Ahhh so basically all you are doing is going on line buying from ebay and having it sent to a UK address... no there will be no charge other than charges you would occur in the U.K


----------



## Fatima (Nov 6, 2010)

pheww great  Thanks


----------



## scooby21 (Mar 30, 2008)

Last year I tried to purchase from ebay using my UK card and UK ebay account as I had done many times in the UK however paypal blocked my account I guess they recognised that I was accessing my account from outside the UK. So you wouldnt get any charges, just paypal may block your account and its a hassle to get unlocked again.


----------



## MaidenScotland (Jun 6, 2009)

I do all my shopping for birthdays christmas etc on line and have never had any problems.
I just use my debit card


----------



## faima (Nov 4, 2010)

MaidenScotland said:


> I do all my shopping for birthdays christmas etc on line and have never had any problems.
> I just use my debit card


Yes, there is no problem using cards, the problem comes when you try to use Paypal


----------



## samertalat (Sep 30, 2010)

faima said:


> Yes, there is no problem using cards, the problem comes when you try to use Paypal


Hate PayPal the worst ever seen , Highway rubbers , They take more commission on the money that what you make profit on selling an item.
I hope to open TV or the internet and see that PayPal is bankrupt .
If you google PayPal you will read a horror stories about them , I have stopped using them 4 years ago and sometimes i have to buy a great deal online and when they only accept PayPal I cancel my order .
PAYPAL SUX BIG TIMES.


----------



## Horus (Sep 17, 2010)

I investigated this very careful; if you are using an unknown IP address overseas the paypal system can block your account, in order to unblock it you will have to ask security questions.
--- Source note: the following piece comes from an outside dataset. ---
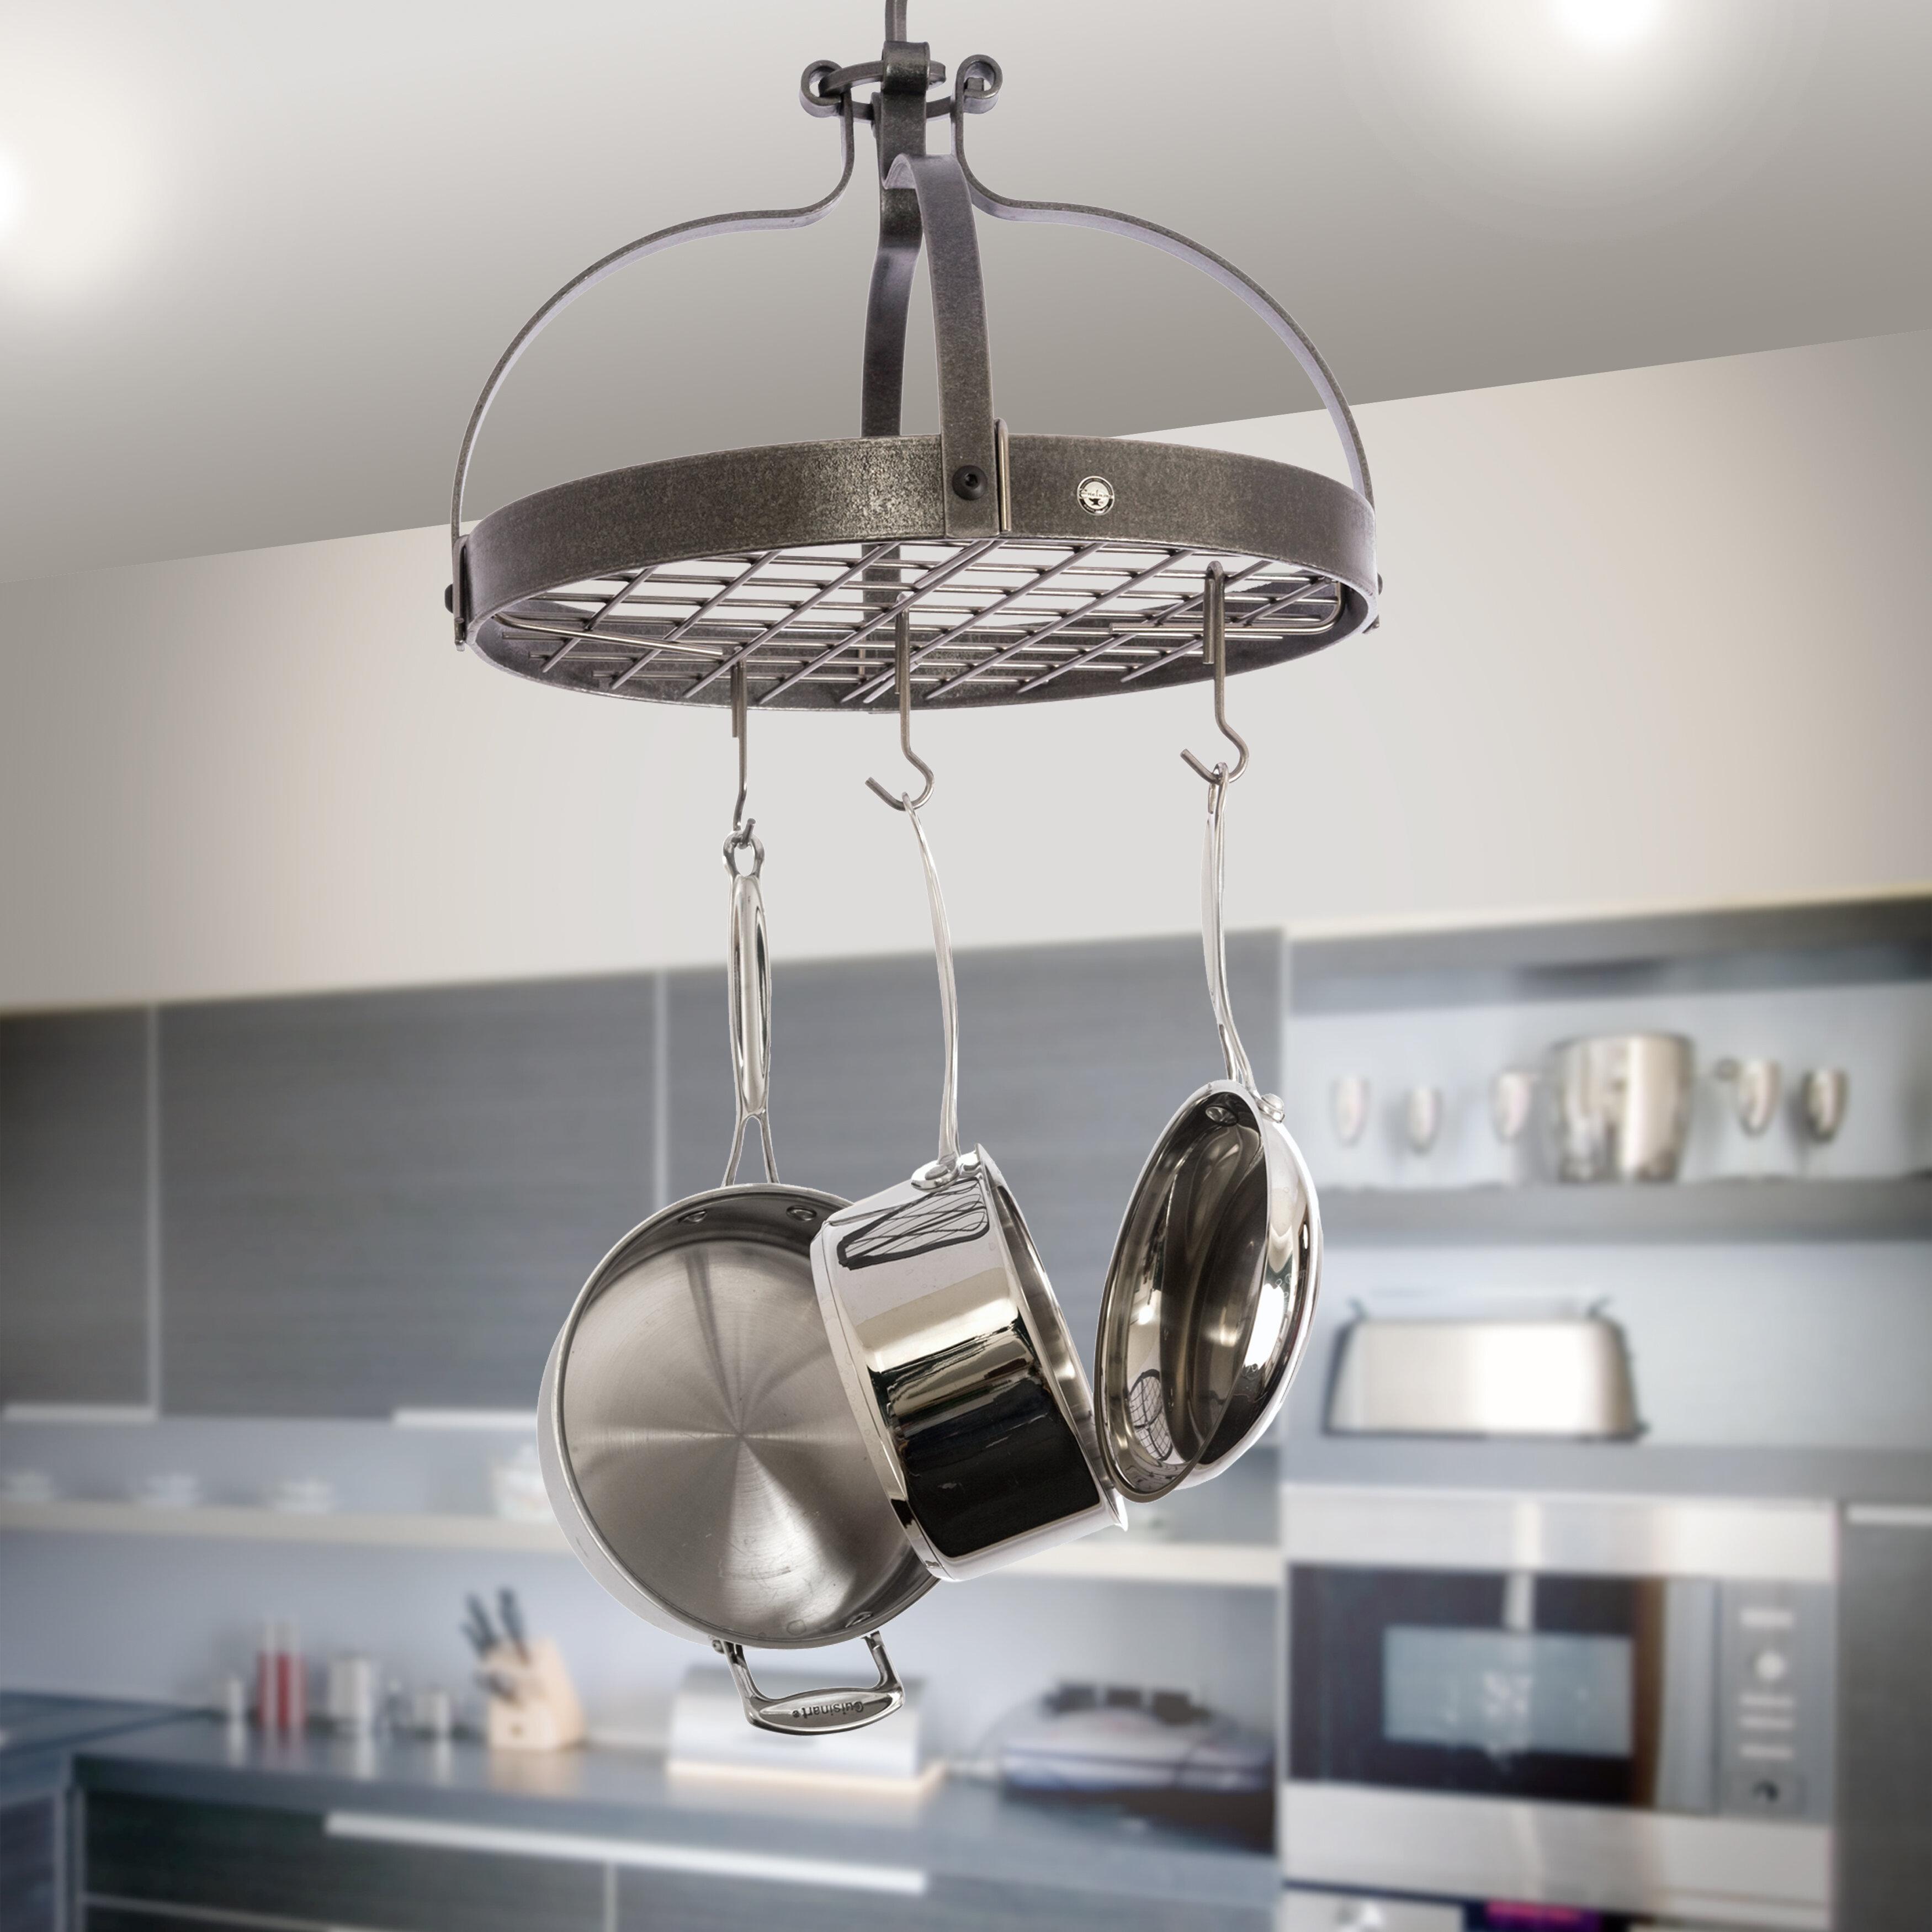 Gourmet Dutch Crown Hanging Pot Rack
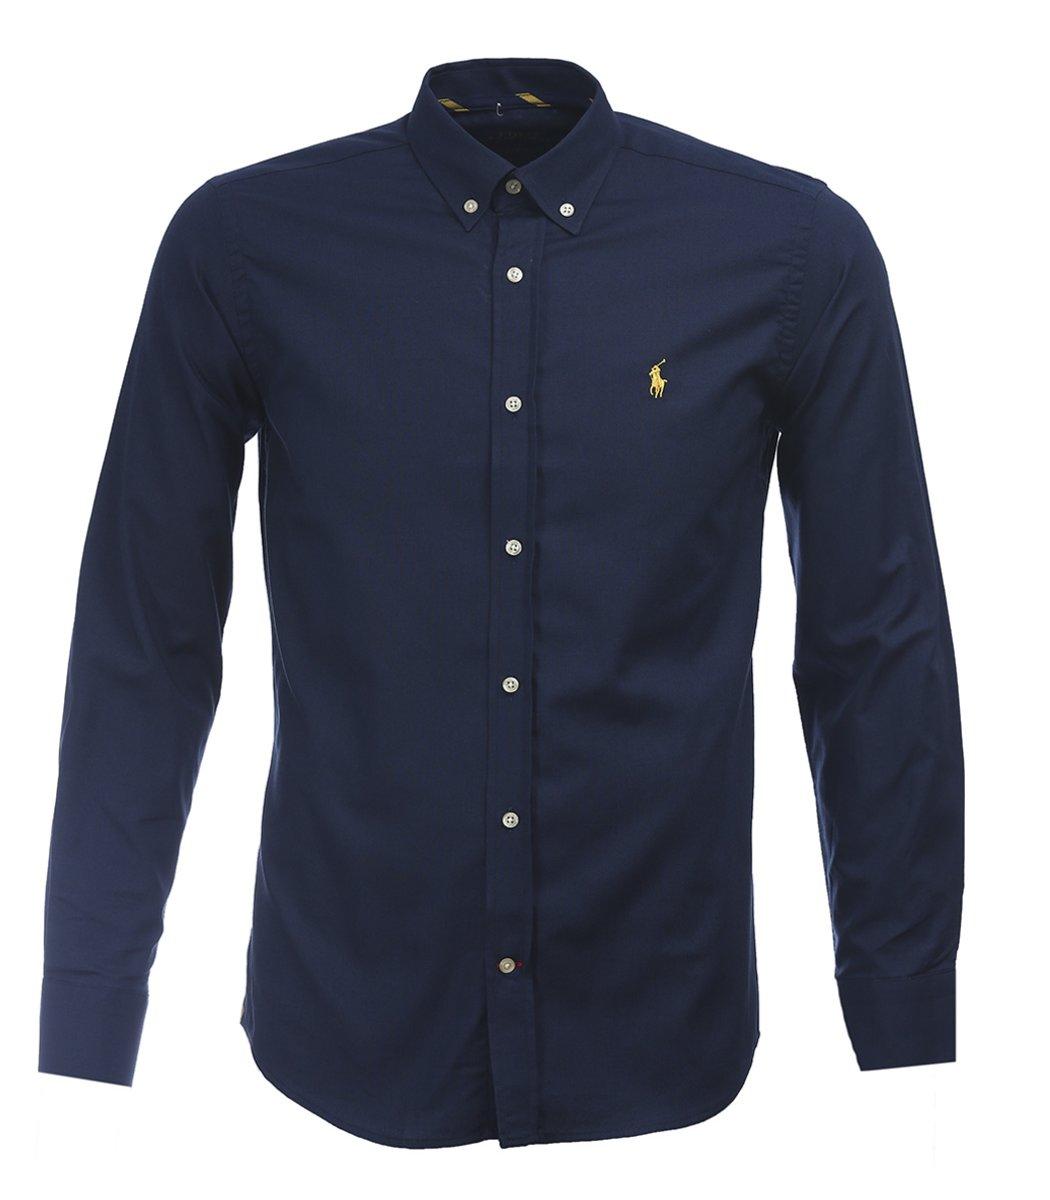 Темно-синяя рубашка POLO Ralph Lauren classic

So make sure all your contact information is up to date and you are aware of recent transactions and approx when you opened your account as they will ask you specific information

You may wish to get the item sent to you via a courier as I have heard that there are issues with items being sent via post to Egypt because Ali Baba and the 40 postal thieves get it first


----------



## samertalat (Sep 30, 2010)

Ali Baba and the 40 postal thieves get it first


Horus will give you 10 that was a good one body.


----------



## faima (Nov 4, 2010)

Horus said:


> Ali Baba and the 40 postal thieves get it first


LOOOOOOL
I am still in this trouble (limited Paypal account), Paypal didn't accept documents I applied. They want the electricity, gaz or telefon bill on my name, with address from the country I registered the account.


----------



## Horus (Sep 17, 2010)

faima said:


> LOOOOOOL
> I am still in this trouble (limited Paypal account), Paypal didn't accept documents I applied. They want the electricity, gaz or telefon bill on my name, with address from the country I registered the account.


Hey thanks for telling me..try and find out if they accept bank statements instead and let me know here as if I run into problems all the bills are in my wife's name and everything else is online


----------